**PROVIDED DATA:**
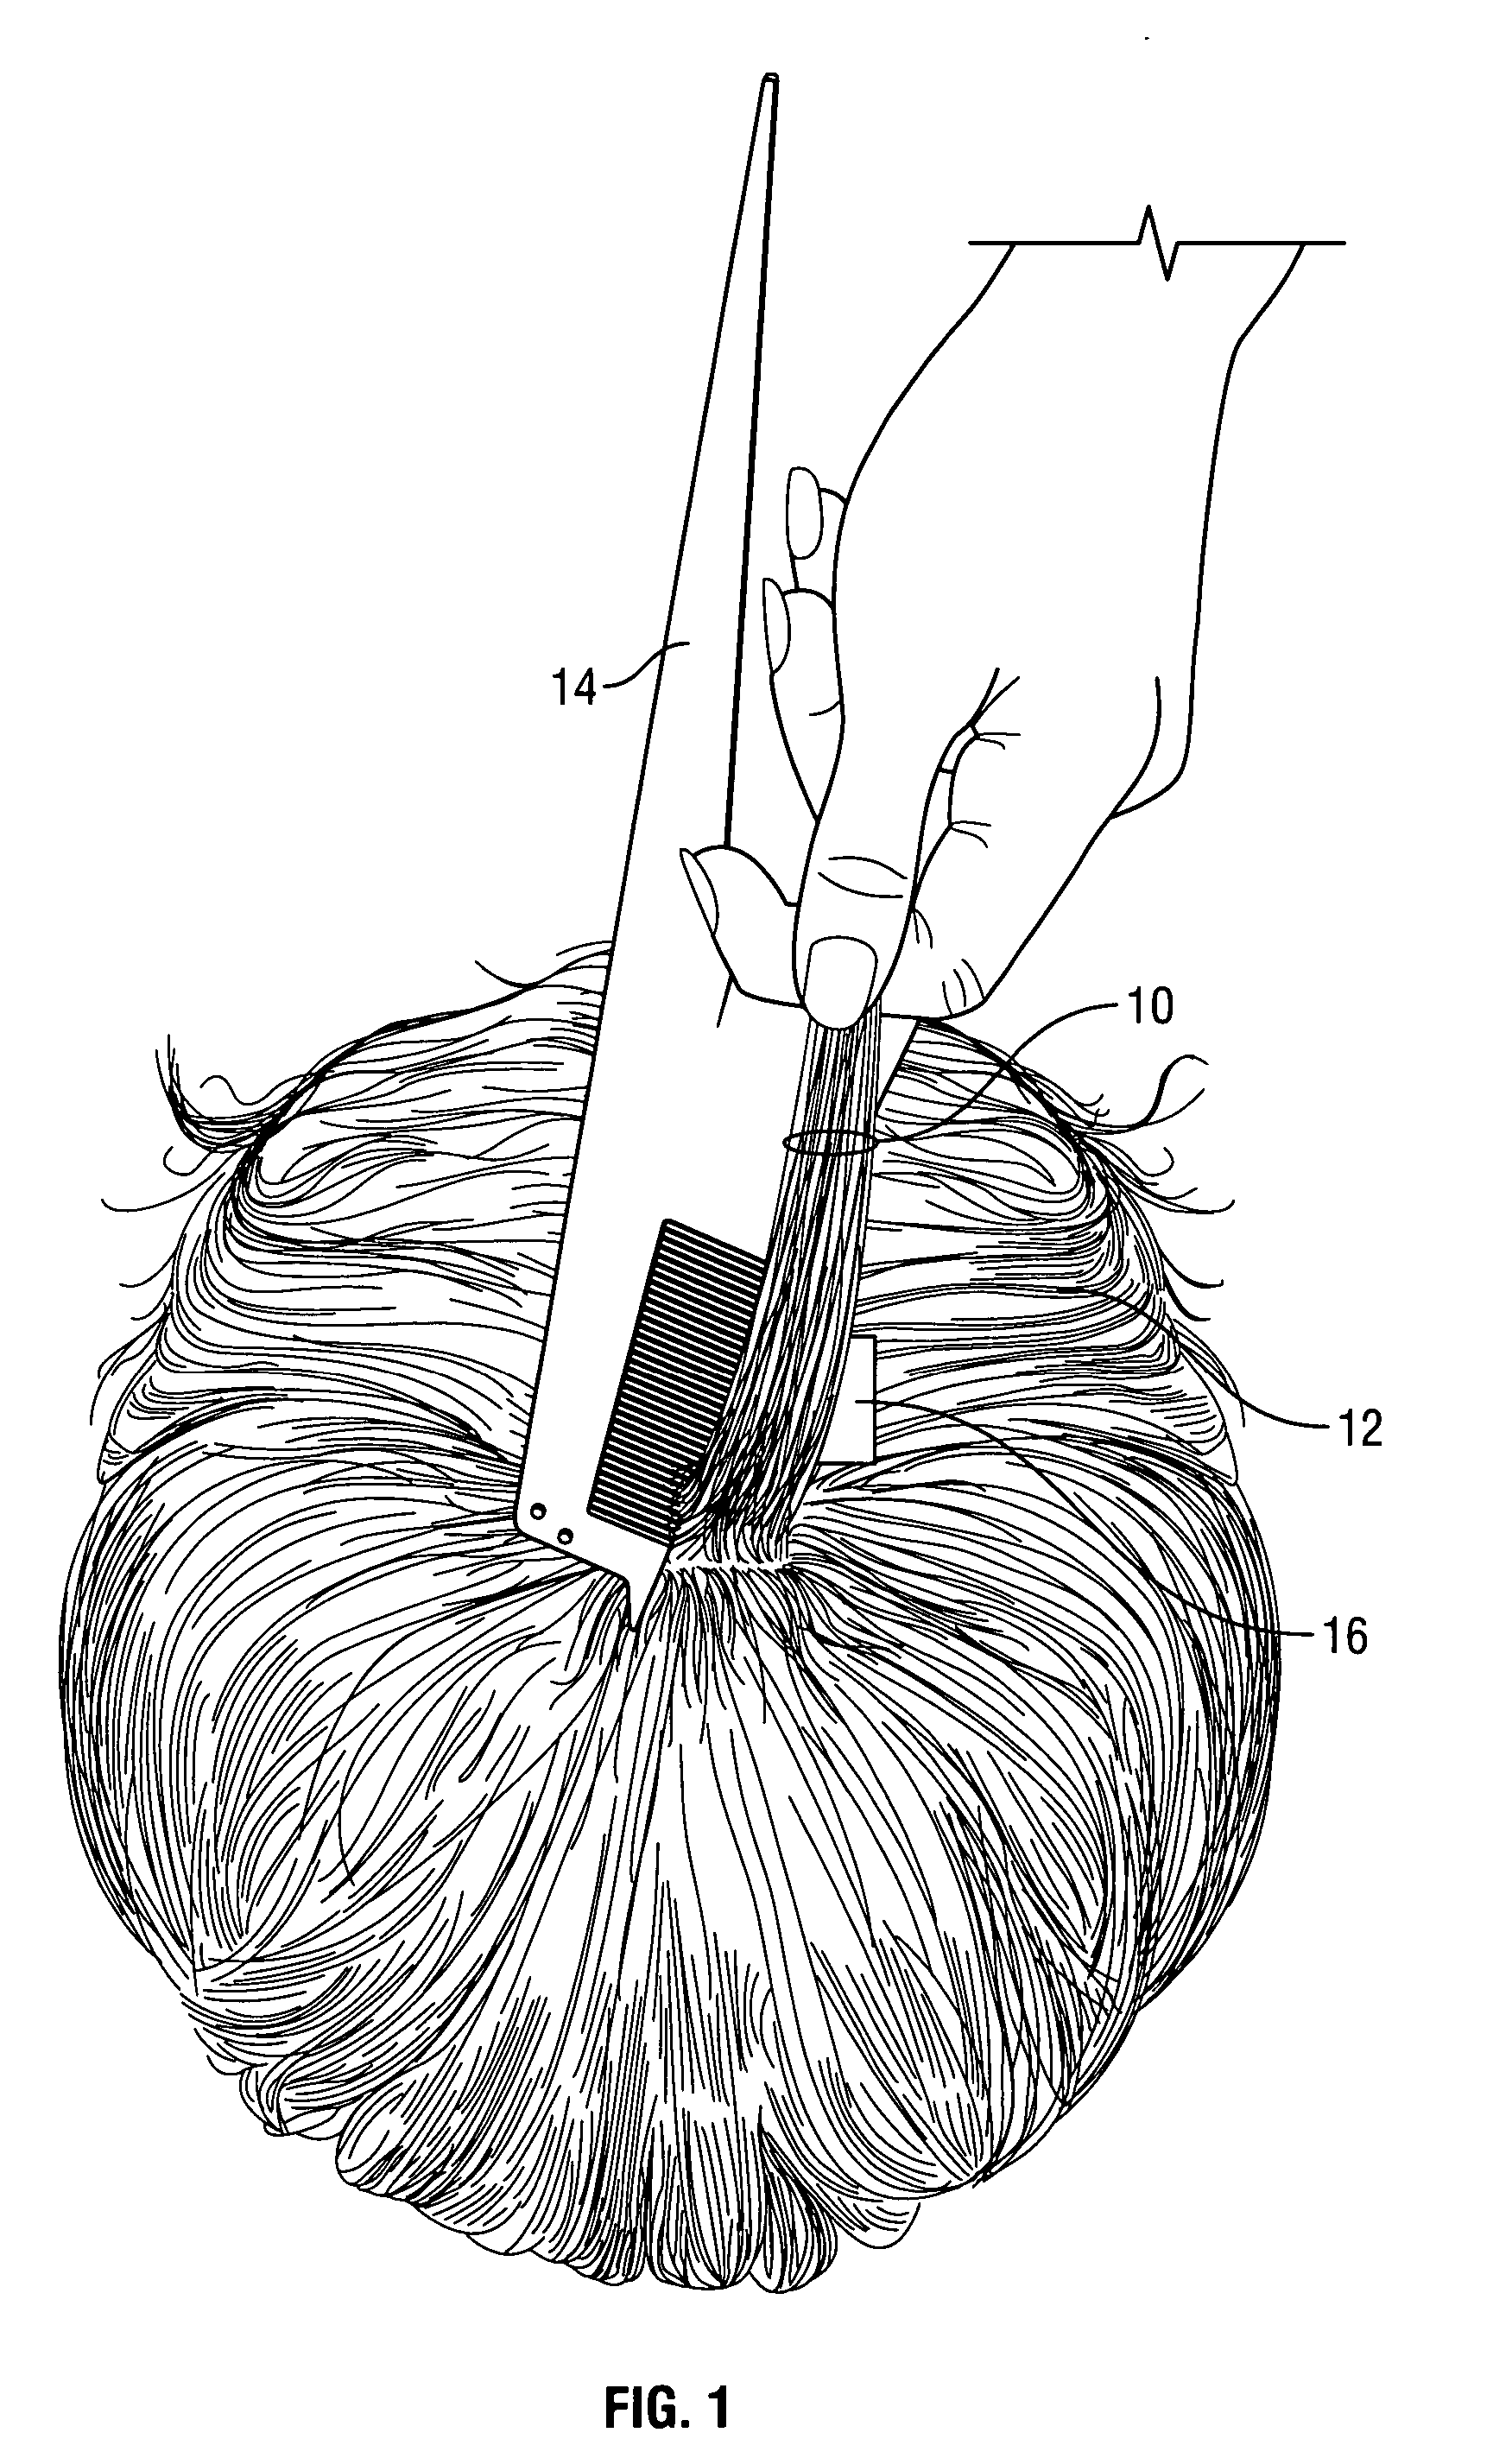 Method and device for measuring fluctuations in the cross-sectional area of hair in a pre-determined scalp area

* * *

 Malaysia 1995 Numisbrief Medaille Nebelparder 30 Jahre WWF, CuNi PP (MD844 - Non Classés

...

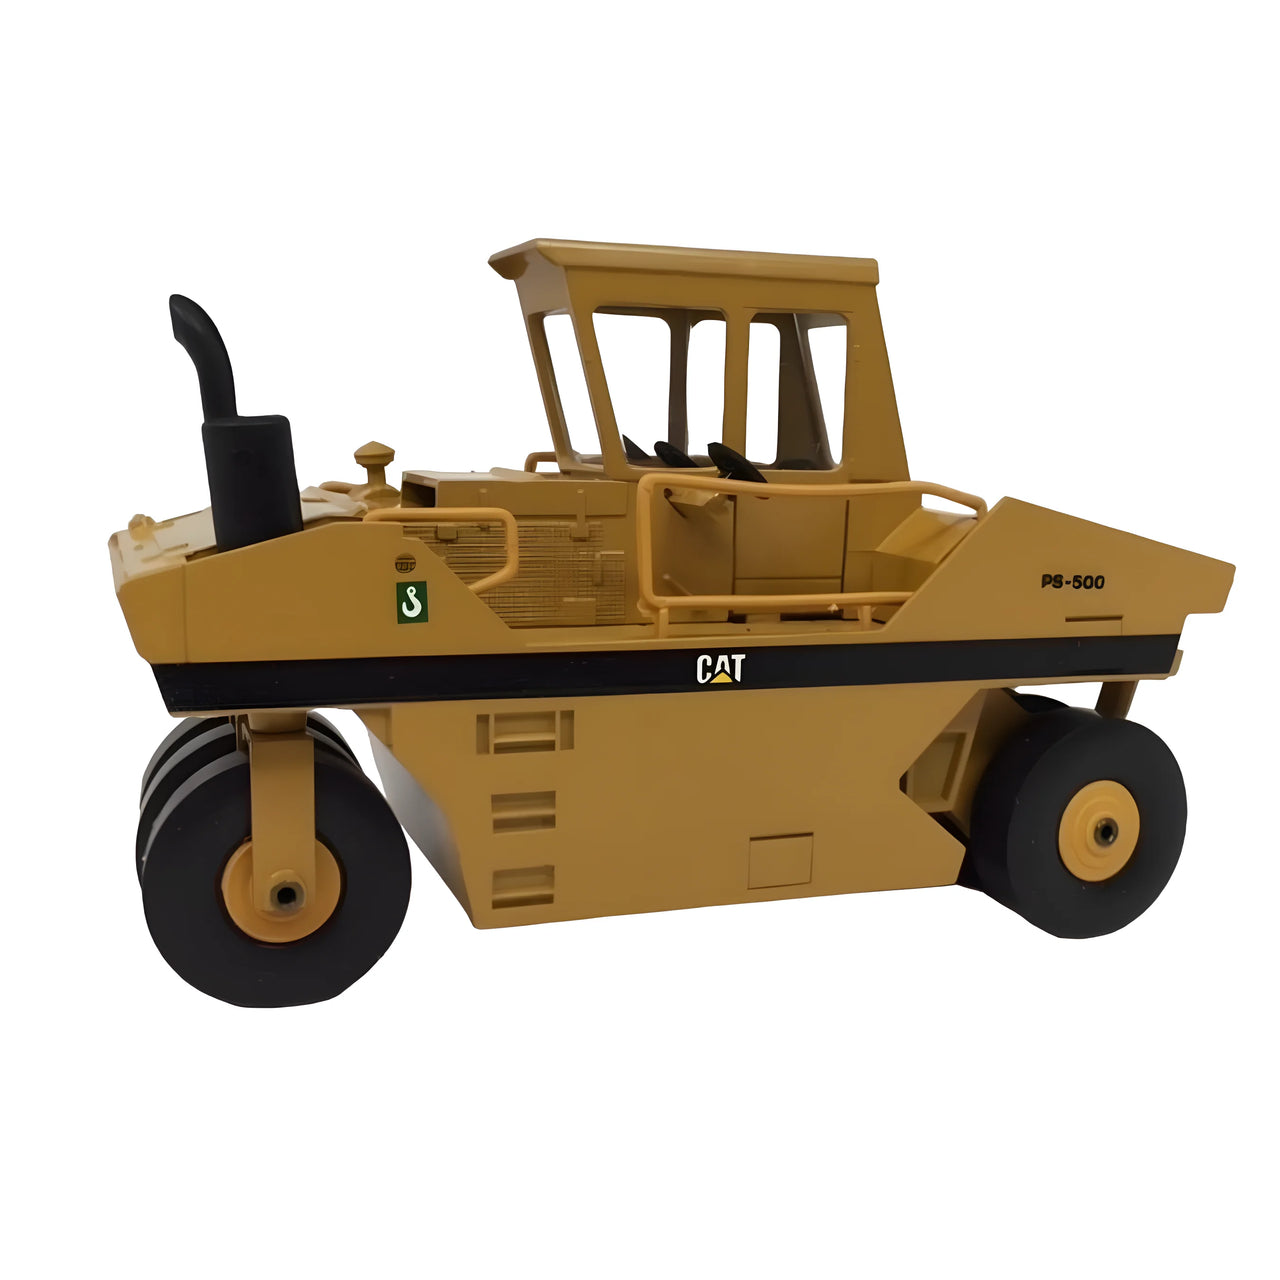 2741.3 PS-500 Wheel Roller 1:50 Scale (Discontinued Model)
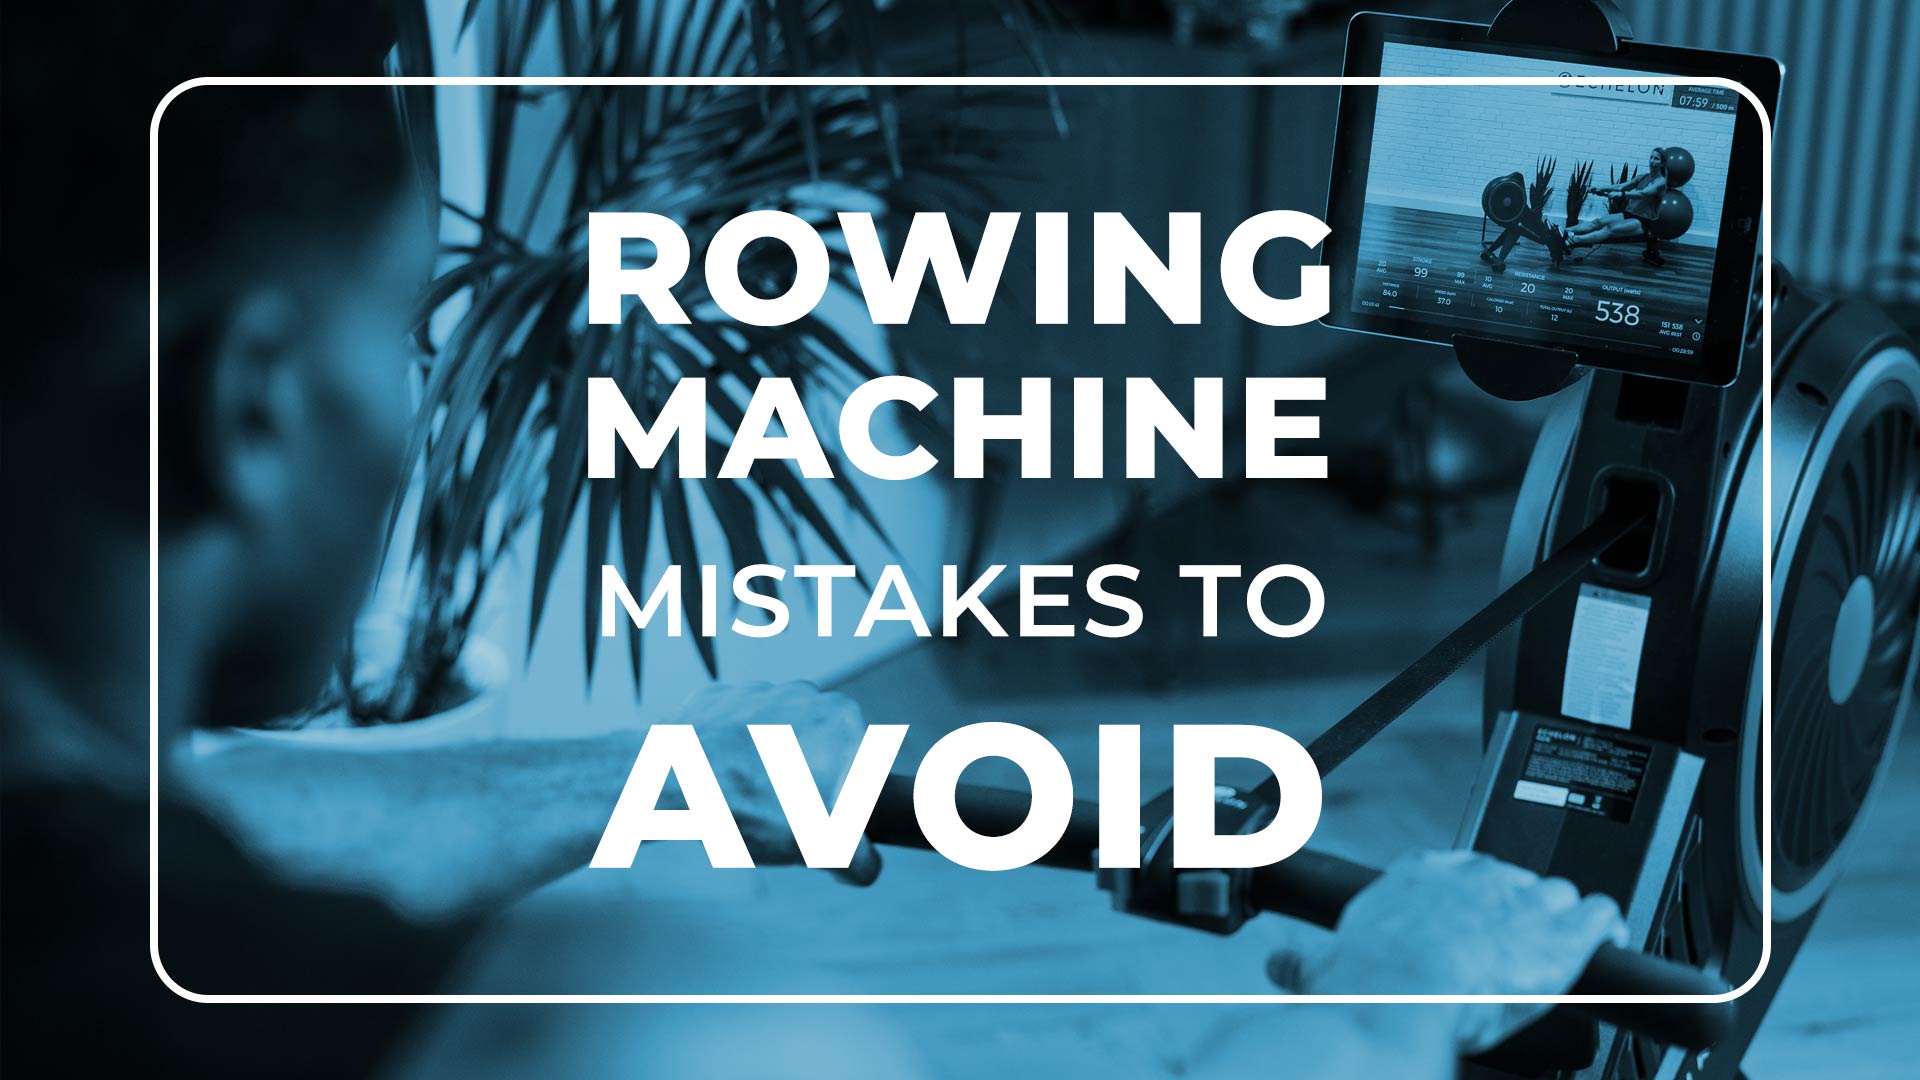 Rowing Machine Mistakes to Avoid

**TRY IT:**
Repeat the lines above exactly, beginning with the one containing "2741.3 PS-500 Wheel" and finishing with the one containing "Rowing Machine Mistakes to Avoid". No pictures belong in the copy.

**TASK ANSWER:**
 2741.3 PS-500 Wheel Roller 1:50 Scale (Discontinued Model)
 Rowing Machine Mistakes to Avoid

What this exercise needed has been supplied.